RECORDS TO PROCESS section start

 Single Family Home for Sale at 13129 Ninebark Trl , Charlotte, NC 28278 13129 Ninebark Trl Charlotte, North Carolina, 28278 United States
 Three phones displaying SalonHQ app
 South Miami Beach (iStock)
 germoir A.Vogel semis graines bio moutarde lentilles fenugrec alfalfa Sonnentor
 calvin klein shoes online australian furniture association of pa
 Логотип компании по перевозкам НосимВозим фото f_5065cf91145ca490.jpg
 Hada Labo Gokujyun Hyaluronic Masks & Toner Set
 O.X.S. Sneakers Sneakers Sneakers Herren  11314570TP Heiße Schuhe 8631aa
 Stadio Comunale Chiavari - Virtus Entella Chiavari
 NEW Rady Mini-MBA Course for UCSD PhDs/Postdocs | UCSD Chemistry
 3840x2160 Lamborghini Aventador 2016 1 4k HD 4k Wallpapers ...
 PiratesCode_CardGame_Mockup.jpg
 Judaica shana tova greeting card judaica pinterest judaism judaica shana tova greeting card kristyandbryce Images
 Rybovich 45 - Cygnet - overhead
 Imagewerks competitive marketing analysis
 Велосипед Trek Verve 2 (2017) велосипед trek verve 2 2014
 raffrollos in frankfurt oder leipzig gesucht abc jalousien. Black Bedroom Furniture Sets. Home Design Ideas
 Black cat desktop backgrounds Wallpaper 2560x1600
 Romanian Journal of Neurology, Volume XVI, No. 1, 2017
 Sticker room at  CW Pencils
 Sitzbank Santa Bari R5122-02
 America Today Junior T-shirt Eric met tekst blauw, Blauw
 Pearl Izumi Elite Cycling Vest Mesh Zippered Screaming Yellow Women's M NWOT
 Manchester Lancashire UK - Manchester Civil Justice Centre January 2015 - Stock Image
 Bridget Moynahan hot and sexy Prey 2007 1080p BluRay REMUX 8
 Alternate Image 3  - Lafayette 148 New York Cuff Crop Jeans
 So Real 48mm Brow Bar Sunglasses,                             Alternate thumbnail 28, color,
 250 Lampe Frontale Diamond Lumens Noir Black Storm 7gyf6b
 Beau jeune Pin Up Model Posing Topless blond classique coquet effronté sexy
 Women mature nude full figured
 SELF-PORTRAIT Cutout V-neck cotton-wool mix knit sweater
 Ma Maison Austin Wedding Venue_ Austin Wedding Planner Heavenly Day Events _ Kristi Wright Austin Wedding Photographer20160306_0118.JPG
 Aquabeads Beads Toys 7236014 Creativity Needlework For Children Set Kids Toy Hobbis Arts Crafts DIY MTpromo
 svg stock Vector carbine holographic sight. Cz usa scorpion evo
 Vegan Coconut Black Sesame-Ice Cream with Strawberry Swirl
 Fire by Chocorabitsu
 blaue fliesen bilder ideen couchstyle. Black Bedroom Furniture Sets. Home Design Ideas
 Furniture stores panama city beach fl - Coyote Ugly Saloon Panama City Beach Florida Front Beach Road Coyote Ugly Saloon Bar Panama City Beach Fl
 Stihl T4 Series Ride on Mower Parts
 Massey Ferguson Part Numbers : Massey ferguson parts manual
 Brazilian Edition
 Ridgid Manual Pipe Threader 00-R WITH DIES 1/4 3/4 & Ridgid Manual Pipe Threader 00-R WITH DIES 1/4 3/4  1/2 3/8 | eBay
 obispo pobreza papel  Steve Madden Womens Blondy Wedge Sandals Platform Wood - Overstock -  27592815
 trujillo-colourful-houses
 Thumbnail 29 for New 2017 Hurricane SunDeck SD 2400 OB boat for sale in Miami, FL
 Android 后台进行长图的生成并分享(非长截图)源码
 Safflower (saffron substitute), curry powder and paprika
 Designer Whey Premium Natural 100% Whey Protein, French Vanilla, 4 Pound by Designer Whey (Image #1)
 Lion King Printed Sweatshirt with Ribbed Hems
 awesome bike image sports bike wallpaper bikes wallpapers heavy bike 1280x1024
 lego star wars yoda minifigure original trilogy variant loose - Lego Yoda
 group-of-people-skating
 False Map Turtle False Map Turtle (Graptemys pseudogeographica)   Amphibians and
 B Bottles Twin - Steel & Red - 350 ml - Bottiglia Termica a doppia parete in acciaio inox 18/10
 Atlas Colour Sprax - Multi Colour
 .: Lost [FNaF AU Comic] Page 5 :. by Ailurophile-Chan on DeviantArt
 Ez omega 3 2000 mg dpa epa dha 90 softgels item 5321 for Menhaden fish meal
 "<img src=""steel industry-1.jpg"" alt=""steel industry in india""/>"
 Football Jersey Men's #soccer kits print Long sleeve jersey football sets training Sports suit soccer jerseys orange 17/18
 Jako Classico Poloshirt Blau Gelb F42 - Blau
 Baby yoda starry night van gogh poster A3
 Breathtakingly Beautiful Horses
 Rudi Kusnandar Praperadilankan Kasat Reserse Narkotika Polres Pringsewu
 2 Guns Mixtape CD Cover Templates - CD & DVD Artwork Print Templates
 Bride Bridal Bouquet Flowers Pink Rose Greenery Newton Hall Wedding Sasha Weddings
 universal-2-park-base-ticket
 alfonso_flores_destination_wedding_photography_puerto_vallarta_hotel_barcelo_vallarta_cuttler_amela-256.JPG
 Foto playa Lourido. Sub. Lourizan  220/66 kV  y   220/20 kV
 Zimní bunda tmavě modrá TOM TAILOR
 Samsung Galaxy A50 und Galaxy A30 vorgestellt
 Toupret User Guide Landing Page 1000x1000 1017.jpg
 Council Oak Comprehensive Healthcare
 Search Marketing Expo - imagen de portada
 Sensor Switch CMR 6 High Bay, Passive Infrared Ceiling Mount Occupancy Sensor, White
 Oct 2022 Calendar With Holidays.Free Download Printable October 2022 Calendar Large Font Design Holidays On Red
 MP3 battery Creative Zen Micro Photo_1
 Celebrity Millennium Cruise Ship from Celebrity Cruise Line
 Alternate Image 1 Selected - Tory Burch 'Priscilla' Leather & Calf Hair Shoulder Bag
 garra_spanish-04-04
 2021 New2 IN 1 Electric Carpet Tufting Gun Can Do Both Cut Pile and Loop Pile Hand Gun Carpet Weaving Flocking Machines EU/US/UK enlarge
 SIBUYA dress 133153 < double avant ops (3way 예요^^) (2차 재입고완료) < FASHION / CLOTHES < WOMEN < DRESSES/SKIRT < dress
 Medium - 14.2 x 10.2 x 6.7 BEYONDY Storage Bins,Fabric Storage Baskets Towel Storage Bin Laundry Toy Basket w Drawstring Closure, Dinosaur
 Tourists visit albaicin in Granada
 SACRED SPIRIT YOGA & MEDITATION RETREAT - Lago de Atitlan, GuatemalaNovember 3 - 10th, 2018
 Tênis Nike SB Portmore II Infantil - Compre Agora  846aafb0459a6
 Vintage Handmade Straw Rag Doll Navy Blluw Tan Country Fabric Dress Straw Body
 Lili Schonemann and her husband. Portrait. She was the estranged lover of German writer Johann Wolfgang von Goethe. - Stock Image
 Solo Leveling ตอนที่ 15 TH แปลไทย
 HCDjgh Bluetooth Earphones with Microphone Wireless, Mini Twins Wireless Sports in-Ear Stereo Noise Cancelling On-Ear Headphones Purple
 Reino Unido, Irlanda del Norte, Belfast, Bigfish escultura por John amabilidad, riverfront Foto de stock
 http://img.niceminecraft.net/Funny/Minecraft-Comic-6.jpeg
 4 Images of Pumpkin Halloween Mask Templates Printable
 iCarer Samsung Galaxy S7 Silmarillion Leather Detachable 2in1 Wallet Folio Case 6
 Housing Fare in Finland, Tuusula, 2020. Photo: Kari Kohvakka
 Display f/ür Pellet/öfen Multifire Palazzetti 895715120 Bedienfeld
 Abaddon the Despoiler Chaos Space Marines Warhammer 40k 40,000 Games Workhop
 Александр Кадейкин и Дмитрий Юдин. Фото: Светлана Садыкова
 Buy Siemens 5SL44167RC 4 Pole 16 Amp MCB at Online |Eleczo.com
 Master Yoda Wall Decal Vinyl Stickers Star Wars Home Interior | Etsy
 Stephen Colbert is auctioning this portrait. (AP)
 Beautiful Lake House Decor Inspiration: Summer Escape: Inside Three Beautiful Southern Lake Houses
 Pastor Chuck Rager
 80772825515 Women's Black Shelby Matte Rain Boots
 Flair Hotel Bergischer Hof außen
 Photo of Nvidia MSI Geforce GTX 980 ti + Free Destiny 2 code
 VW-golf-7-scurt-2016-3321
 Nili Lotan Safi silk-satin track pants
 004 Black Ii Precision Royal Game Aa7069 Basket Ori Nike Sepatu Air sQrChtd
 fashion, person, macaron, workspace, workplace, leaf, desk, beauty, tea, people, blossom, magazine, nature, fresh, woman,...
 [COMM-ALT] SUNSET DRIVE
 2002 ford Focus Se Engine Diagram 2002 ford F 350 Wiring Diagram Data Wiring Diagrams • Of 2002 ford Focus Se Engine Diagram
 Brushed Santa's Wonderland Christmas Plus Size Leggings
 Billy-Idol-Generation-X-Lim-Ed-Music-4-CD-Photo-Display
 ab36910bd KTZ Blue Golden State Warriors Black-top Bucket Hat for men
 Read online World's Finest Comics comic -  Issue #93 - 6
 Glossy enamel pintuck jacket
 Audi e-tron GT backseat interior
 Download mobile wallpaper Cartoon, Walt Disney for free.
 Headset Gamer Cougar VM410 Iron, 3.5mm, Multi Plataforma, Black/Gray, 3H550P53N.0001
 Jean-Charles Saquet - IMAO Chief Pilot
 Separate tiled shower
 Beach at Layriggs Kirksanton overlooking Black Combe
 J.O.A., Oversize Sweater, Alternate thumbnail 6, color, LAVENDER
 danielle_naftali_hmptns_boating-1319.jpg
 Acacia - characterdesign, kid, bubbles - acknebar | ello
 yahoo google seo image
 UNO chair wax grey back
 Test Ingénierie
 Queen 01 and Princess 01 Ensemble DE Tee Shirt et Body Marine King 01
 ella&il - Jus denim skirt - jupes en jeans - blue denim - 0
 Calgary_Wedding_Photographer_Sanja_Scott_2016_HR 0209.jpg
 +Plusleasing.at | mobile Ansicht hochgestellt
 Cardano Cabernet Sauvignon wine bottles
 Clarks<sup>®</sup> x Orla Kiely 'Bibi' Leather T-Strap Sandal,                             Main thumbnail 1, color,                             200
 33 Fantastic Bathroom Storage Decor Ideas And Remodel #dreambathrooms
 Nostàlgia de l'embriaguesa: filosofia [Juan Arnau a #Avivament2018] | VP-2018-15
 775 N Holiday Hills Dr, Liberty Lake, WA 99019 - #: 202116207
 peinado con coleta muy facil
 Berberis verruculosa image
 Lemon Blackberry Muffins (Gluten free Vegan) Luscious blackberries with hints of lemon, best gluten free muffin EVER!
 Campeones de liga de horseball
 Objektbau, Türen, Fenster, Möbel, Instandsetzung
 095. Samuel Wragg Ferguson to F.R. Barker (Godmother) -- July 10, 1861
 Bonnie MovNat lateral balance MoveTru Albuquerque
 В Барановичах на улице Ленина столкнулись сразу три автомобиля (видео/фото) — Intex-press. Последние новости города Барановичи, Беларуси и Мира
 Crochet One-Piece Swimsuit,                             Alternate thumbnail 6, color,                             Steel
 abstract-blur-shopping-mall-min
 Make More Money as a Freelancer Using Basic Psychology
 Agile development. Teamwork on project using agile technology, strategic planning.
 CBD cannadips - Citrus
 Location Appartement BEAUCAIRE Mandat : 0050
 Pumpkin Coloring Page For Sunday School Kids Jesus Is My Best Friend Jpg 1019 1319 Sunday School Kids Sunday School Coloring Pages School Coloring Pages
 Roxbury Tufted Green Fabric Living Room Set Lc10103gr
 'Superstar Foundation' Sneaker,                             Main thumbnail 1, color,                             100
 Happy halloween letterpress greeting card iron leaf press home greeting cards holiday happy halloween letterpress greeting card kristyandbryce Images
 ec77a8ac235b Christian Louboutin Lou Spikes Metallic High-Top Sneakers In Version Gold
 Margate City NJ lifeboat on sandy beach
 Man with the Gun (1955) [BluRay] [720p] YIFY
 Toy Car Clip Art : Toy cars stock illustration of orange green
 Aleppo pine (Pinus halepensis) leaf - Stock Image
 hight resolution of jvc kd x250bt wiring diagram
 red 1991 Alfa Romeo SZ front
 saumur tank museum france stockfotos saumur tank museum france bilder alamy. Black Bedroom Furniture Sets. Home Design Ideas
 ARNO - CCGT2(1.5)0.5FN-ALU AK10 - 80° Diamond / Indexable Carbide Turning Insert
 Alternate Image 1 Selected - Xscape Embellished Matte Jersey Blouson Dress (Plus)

RECORDS TO PROCESS section end

§ **WORK REQUIRED**
Above are the records; copy every line in them that holds the word "Body".

§ **RESPONSE TO THIS EXERCISE**
 Vintage Handmade Straw Rag Doll Navy Blluw Tan Country Fabric Dress Straw Body
 Queen 01 and Princess 01 Ensemble DE Tee Shirt et Body Marine King 01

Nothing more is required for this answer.